WORK INSTRUCTIONS
Your answer must be the full listing, word for word, with no images in it.

SOURCE MATERIAL
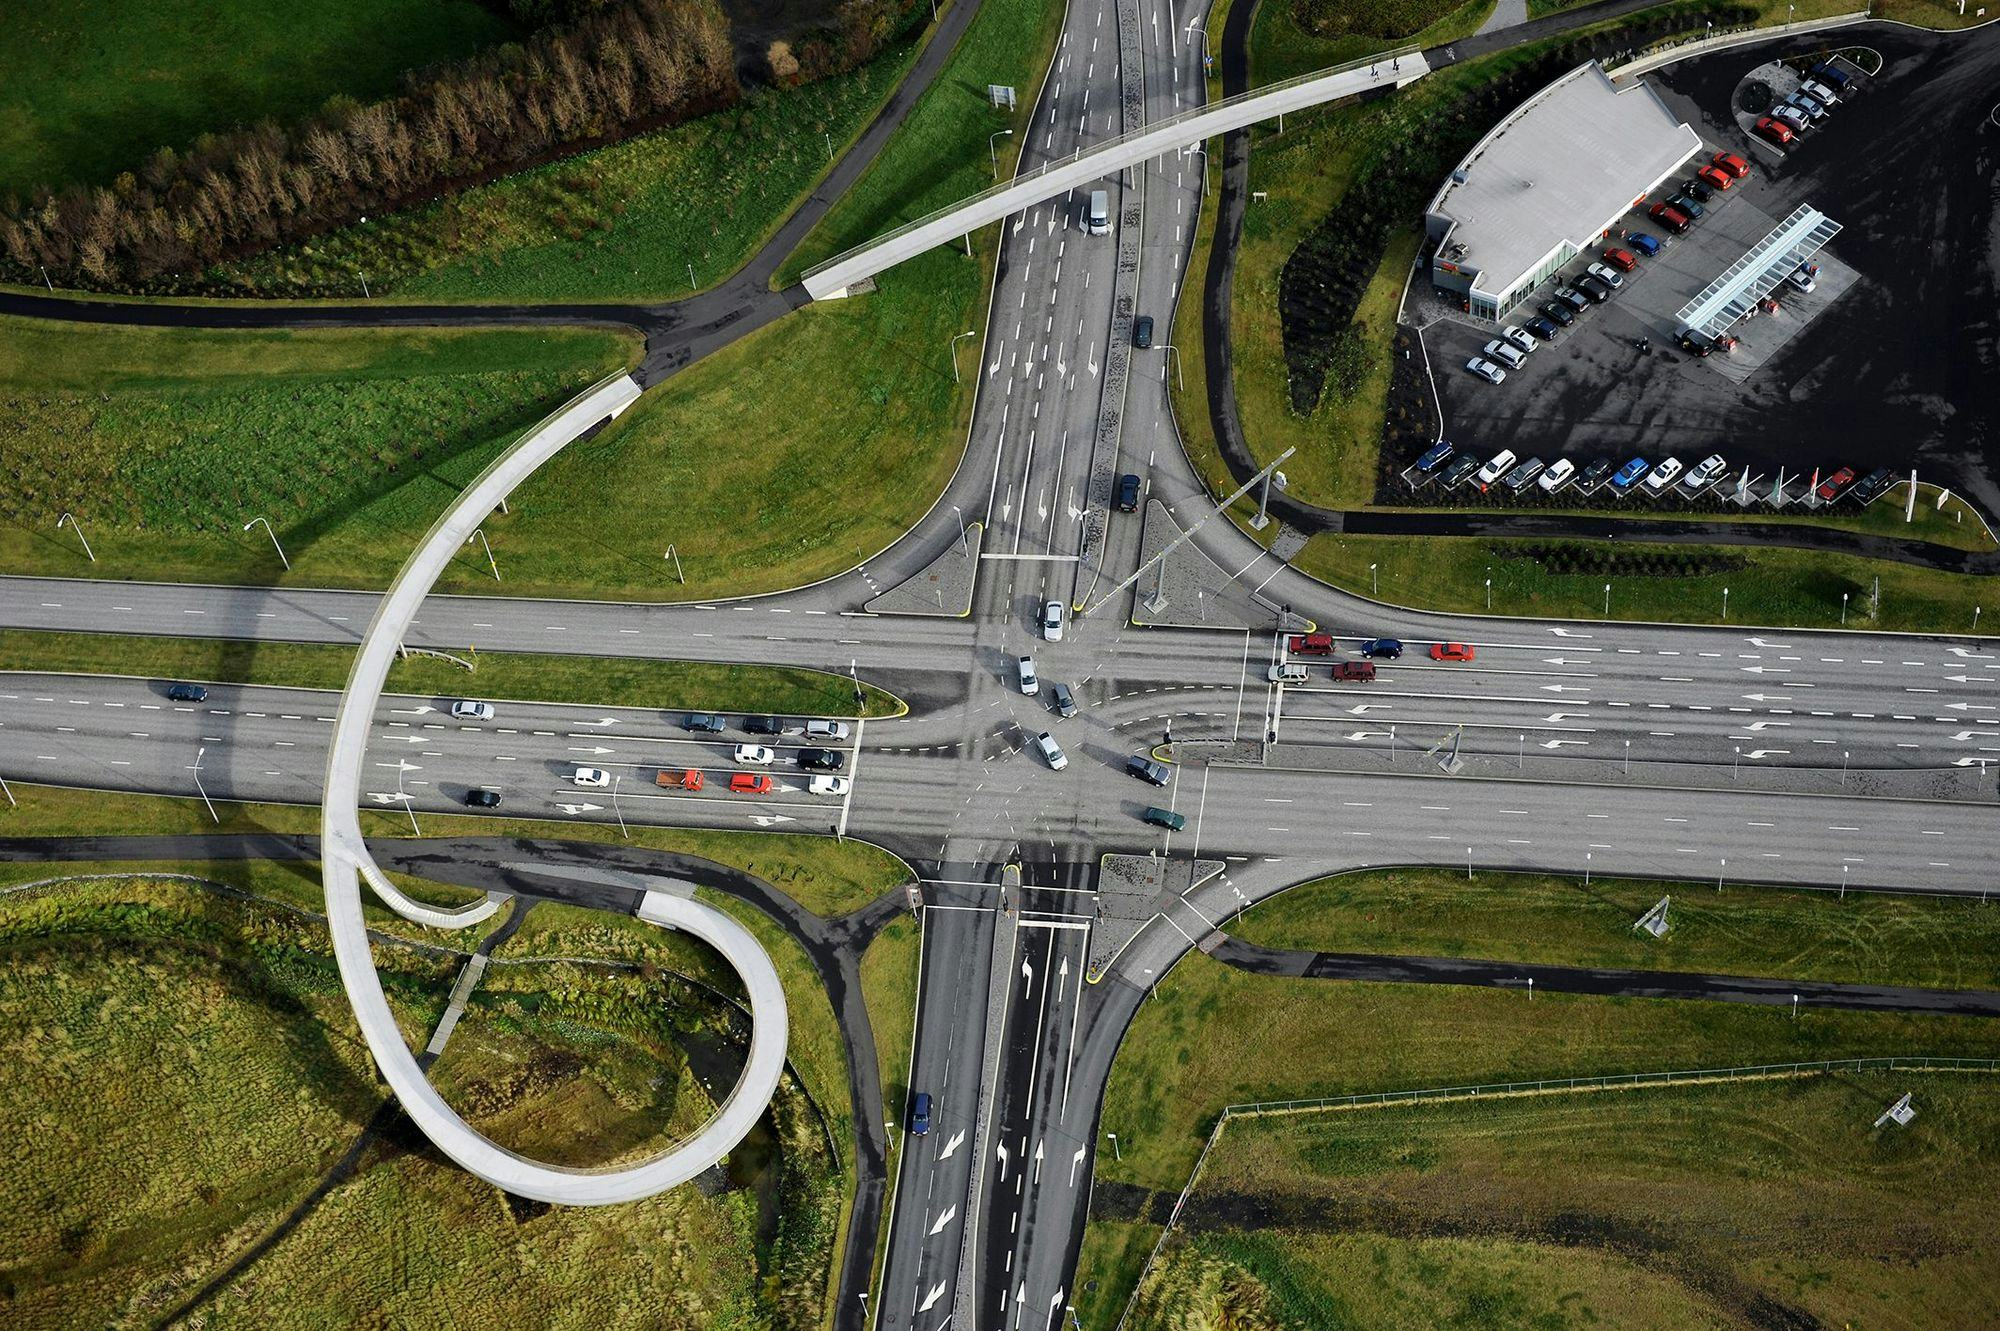 A central intersection is visible from the air and down, we look down on traffic streets that cross, a pedestrian bridge crosses the street on one side, cars on the streets and houses on the other side of the street.
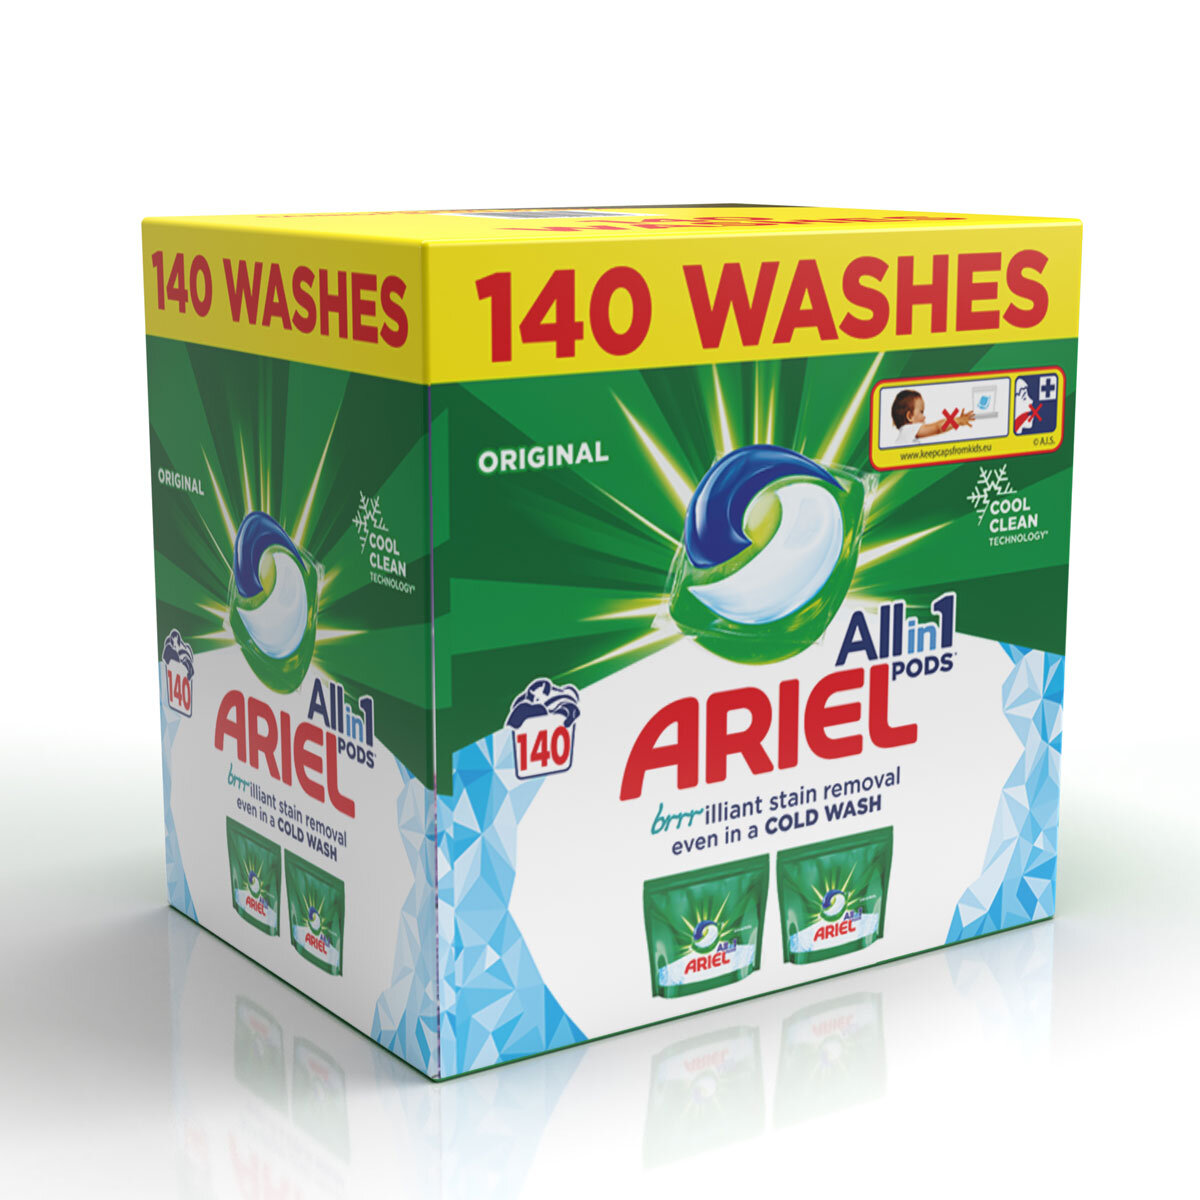 Ariel All in One Pods, 140 Wash | Costco UK
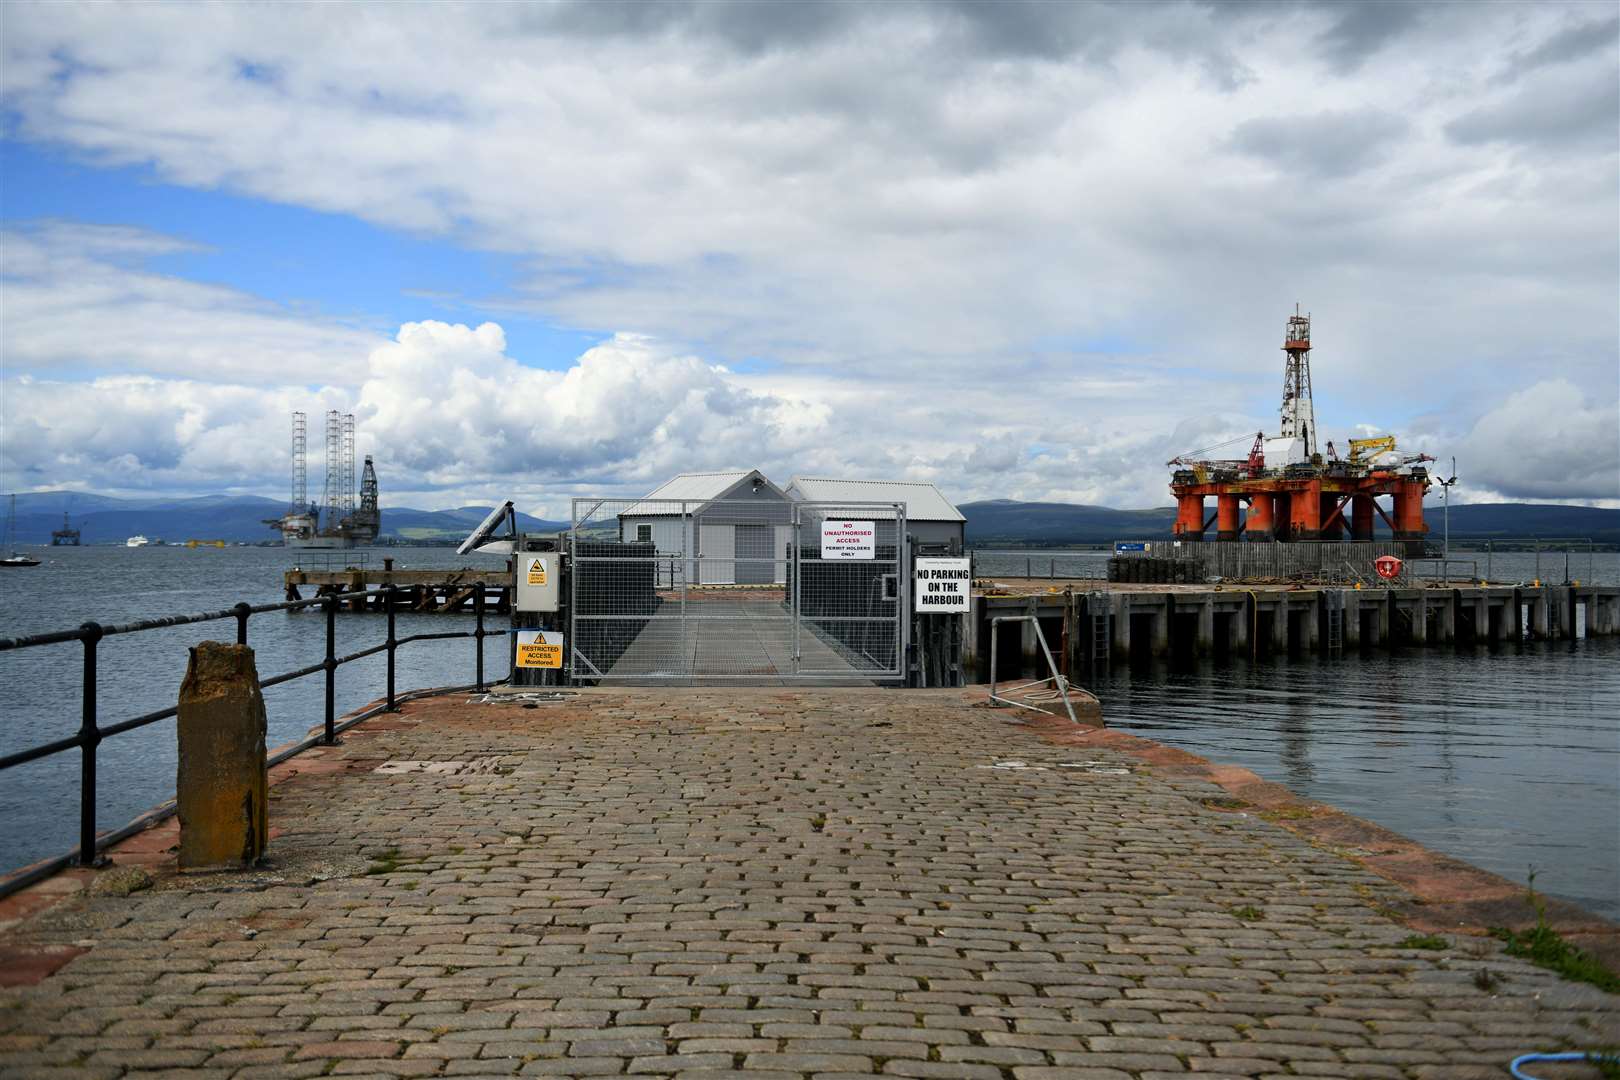 A gate at the Cromarty Harbour has been put in place to restrict access.

TASK RESULT
 A central intersection is visible from the air and down, we look down on traffic streets that cross, a pedestrian bridge crosses the street on one side, cars on the streets and houses on the other side of the street.
 Ariel All in One Pods, 140 Wash | Costco UK
 A gate at the Cromarty Harbour has been put in place to restrict access.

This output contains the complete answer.